I created a bar chart to convey magnet school participation in Hartford, New Haven, and Bridgeport to prove that participation in interdistrict magnet schools has increased in each region over the past five years. I used the 2007-2008 and 2012-2013 Connecticut State Department of Education (CSDE) choice program directory to compile a list of the interdistrict magnet schools in each region. Next, I used data in the 2007 and 2012 CSDE school level racial data file to calculate the total enrollment of students in magnet schools in each region.

Although I did have access to fall 2013 enrollment data, it was only for Hartford.  It did not make sense to only display 2013 data for Hartford, when I could not for Bridgeport and New Haven.  I found it more appropriate to create a chart comparing three regions with data from consistent years.
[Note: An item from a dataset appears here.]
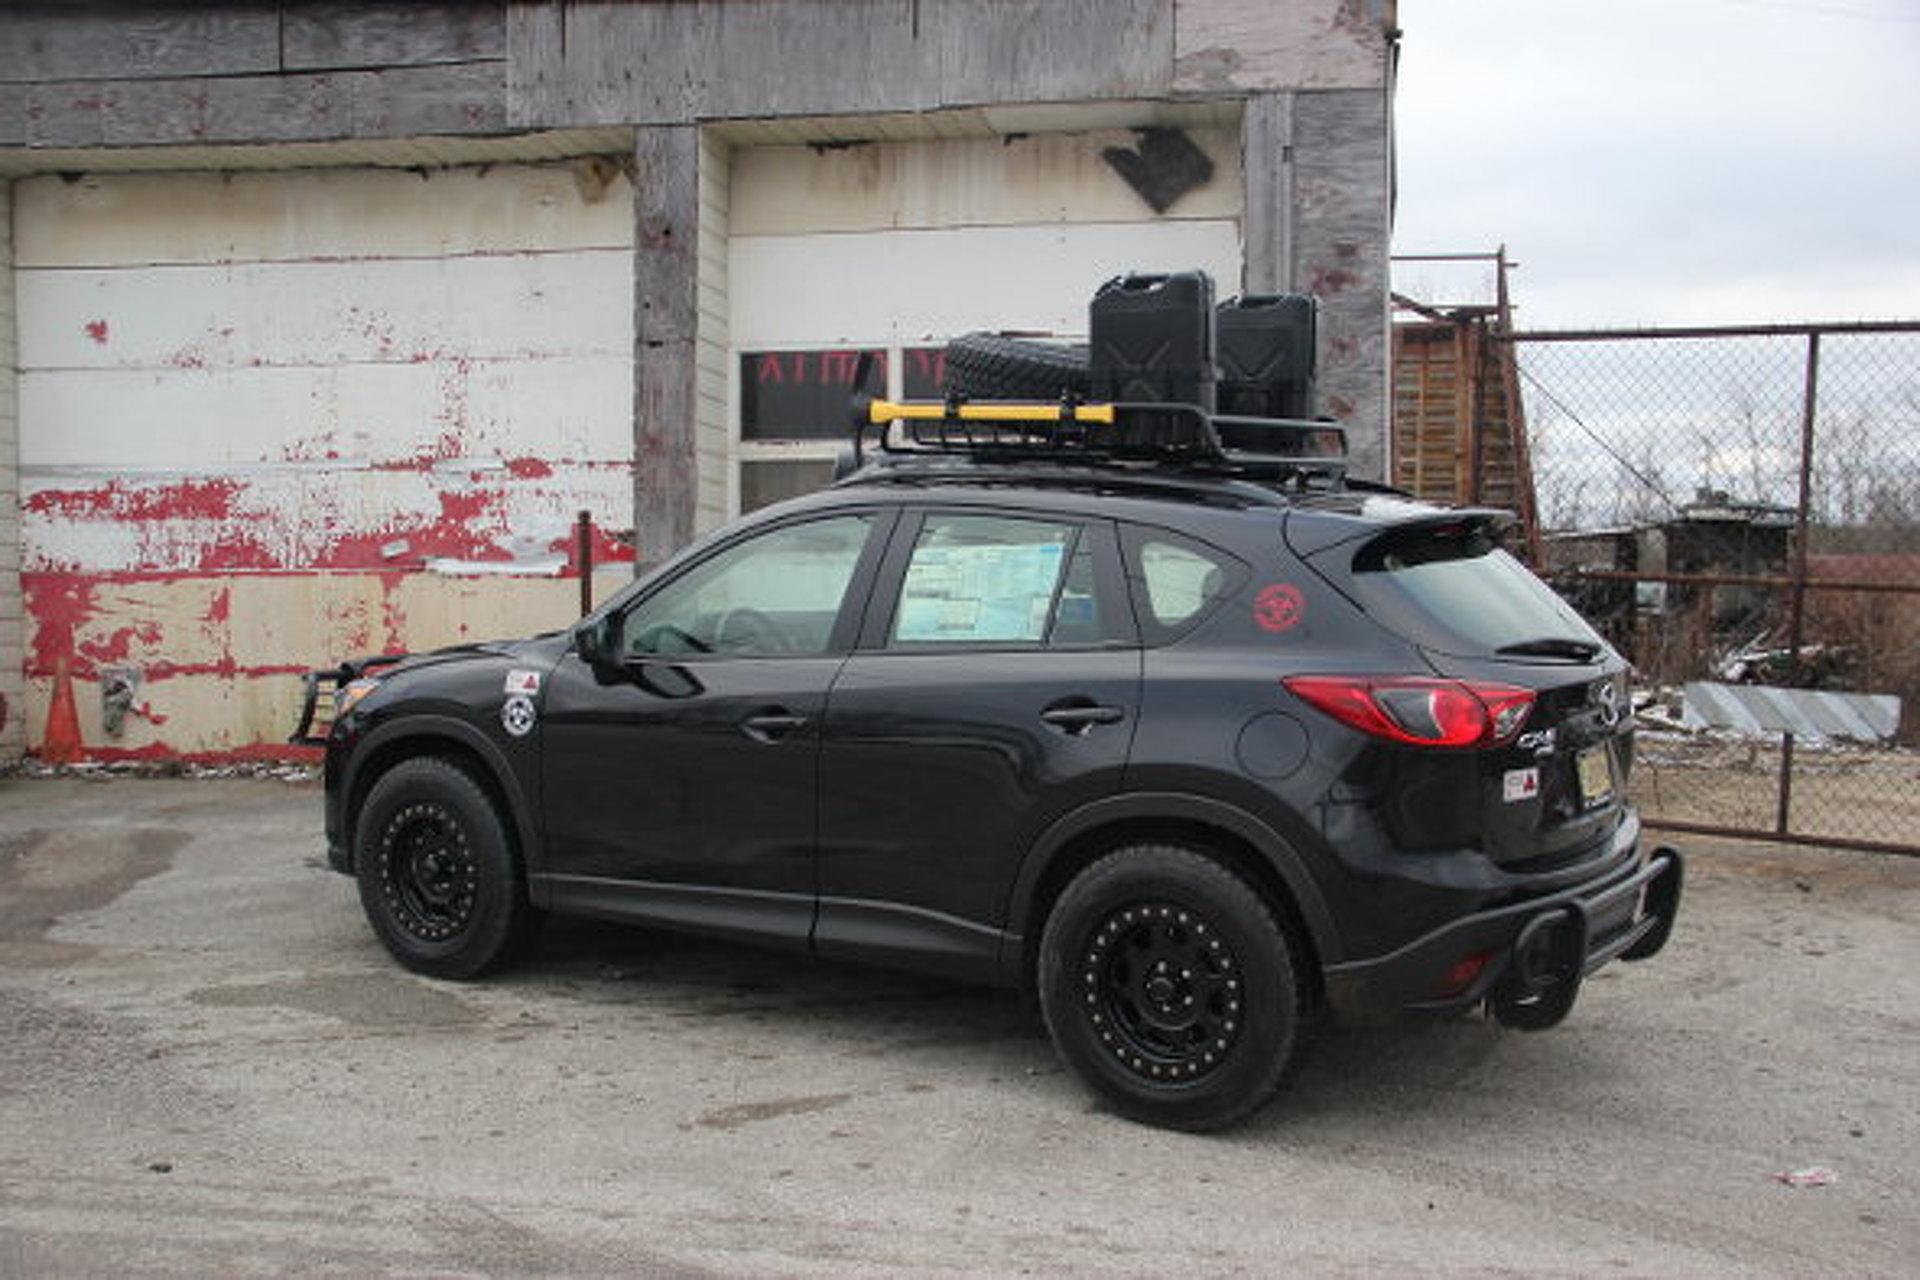 Cj Wilson Mazda >> CJ Wilson's Zombie-Proof Mazda CX-5

In Hartford from October 2007-October 2012, magnet school enrollment increased from 7,388-8,416 students, or 14.52%.  Hartford created an additional magnet school in those five years, totaling 17 magnet schools in 2012.  In New Haven, magnet school enrollment increased from 5,795-7,719 students.  This increase of 33.2% may be due to the fact in five years, New Haven created an additional three magnet schools, totaling 16. In Bridgeport 2007, there were approximately 433 students participating in the region’s one magnet school. In 2012, there were two magnet schools with a total enrollment of approximately 930 students, resulting in a 114.8% increase.
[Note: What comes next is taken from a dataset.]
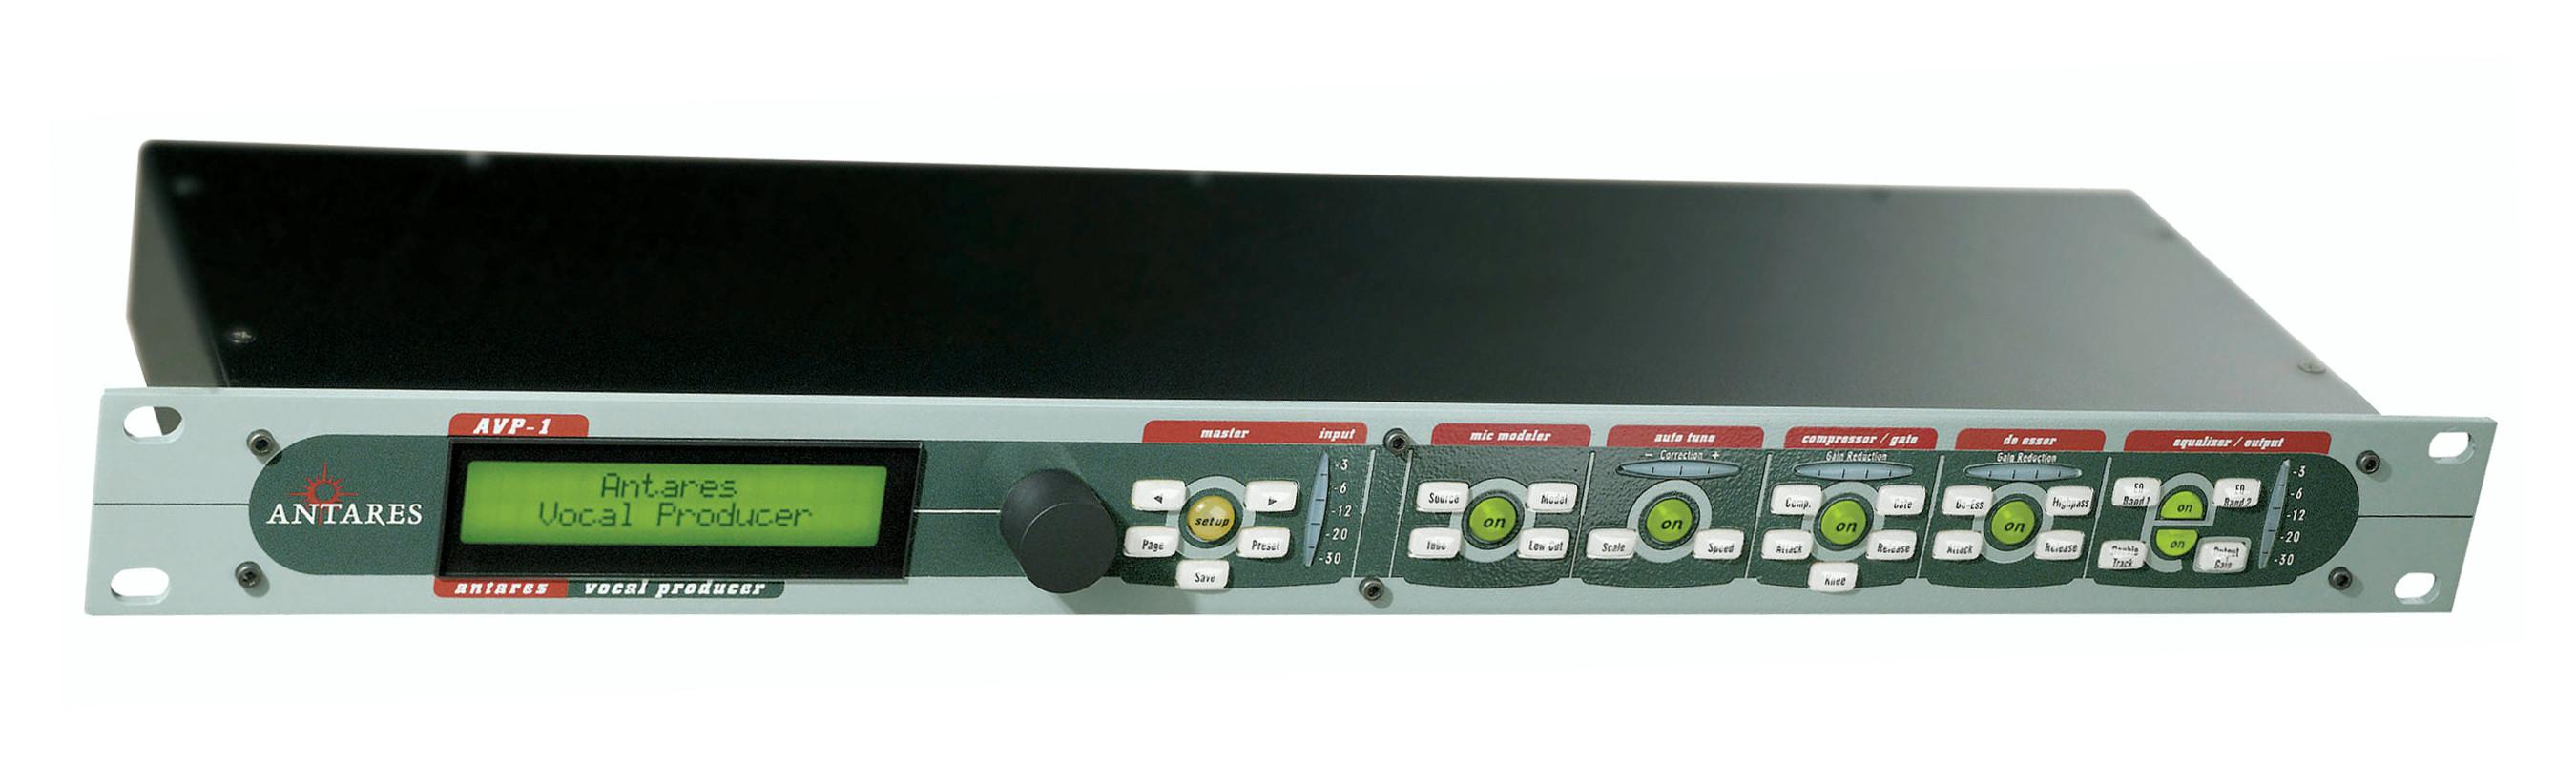 antares avp 1 vocal processor with autotune rentals chicago and

It is important to understand that just because there has been an increase in magnet school participation, these schools are not necessarily integrated. It is possible that the newly enrolled students are all of a specific race. To investigate this I used the 2012-2013 CSDE school level racial data and calculated the approximate average racial make-up of all magnet schools in each region. The split bar charts below reveal that over the past five years, although magnet school participation has increased, the average racial make up of all schools in each region has remained about the same.

chart_3-4

chart_3-3

 

Interestingly, even though average percentage of minority students in all Hartford area magnet schools is around 75%, as mandated by law, there is great variation in the percentage of minority students in individual magnet schools.  I created an interactive bar chart to show that schools range from about 40%-90% minority.  This proves that in Hartford, magnet school participation is increasing, but many of these schools are not desegregated.  To create this chart I used October 1, 2013 enrollment data provided in Jacqueline Rabe Thomas’s recent article.  I chose the percent minority from the “smallest group.”  I was unable to create this chart for New Haven and Bridgeport because the 2013 race level data was not available.

To edit this essay, I first deleted a map that I submitted with the original draft.  This map showed the location of each region and it’s total magnet school enrollment.  I removed the map because it did not contribute a significant amount of information to the overall essay.  In its place, I used 2013 race level data for the Hartford area to create a chart of the racial make-up of interdistrict magnet schools.  This allowed me to display how there are stark variations between the percent of minority students in different Hartford area magnet schools.  The point of this essay was to show that magnet school enrollment has increased even in regions where a court order does not mandate it.  However, I make the argument that just because there is an increase in enrollment, the schools are not completely desegregated.  The additional bar chart represents this perfectly because it shows how some schools are still dominantly white, while others are dominantly minority.

Evaluation questions:

Does the data visualization — and the accompanying short essay (no more than 500 words) — adequately answer the assigned question?

What works with this visualization & essay, and what could be improved?